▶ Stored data

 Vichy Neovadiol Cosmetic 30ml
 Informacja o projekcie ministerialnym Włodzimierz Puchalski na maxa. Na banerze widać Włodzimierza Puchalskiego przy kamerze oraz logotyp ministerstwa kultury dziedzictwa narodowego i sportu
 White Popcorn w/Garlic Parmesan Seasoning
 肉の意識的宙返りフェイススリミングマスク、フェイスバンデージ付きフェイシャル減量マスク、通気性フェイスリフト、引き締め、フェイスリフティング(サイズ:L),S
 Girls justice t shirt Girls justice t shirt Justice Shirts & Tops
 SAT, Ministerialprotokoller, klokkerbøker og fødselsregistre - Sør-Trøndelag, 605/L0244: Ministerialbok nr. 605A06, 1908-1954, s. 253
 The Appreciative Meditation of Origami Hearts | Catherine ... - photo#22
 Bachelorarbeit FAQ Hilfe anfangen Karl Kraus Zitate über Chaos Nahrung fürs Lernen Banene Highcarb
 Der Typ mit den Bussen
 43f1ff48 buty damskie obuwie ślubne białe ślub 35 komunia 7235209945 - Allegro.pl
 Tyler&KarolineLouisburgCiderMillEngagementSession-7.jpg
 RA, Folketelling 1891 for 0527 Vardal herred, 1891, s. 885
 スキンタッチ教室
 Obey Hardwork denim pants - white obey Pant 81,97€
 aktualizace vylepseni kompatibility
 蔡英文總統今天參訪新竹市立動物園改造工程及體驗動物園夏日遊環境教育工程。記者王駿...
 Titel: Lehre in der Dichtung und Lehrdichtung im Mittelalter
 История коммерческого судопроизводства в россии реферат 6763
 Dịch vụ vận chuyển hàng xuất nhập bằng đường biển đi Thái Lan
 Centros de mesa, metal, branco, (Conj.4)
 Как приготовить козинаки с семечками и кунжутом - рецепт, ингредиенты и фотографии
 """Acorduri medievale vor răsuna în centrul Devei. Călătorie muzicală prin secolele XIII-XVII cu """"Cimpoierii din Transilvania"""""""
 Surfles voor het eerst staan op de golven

▶ Instructions to follow
The required output is every line from the one with "RA, Folketelling 1891" to the final line of the entries, repeated exactly and with nothing else.

▶ Answer to this exercise
 RA, Folketelling 1891 for 0527 Vardal herred, 1891, s. 885
 スキンタッチ教室
 Obey Hardwork denim pants - white obey Pant 81,97€
 aktualizace vylepseni kompatibility
 蔡英文總統今天參訪新竹市立動物園改造工程及體驗動物園夏日遊環境教育工程。記者王駿...
 Titel: Lehre in der Dichtung und Lehrdichtung im Mittelalter
 История коммерческого судопроизводства в россии реферат 6763
 Dịch vụ vận chuyển hàng xuất nhập bằng đường biển đi Thái Lan
 Centros de mesa, metal, branco, (Conj.4)
 Как приготовить козинаки с семечками и кунжутом - рецепт, ингредиенты и фотографии
 """Acorduri medievale vor răsuna în centrul Devei. Călătorie muzicală prin secolele XIII-XVII cu """"Cimpoierii din Transilvania"""""""
 Surfles voor het eerst staan op de golven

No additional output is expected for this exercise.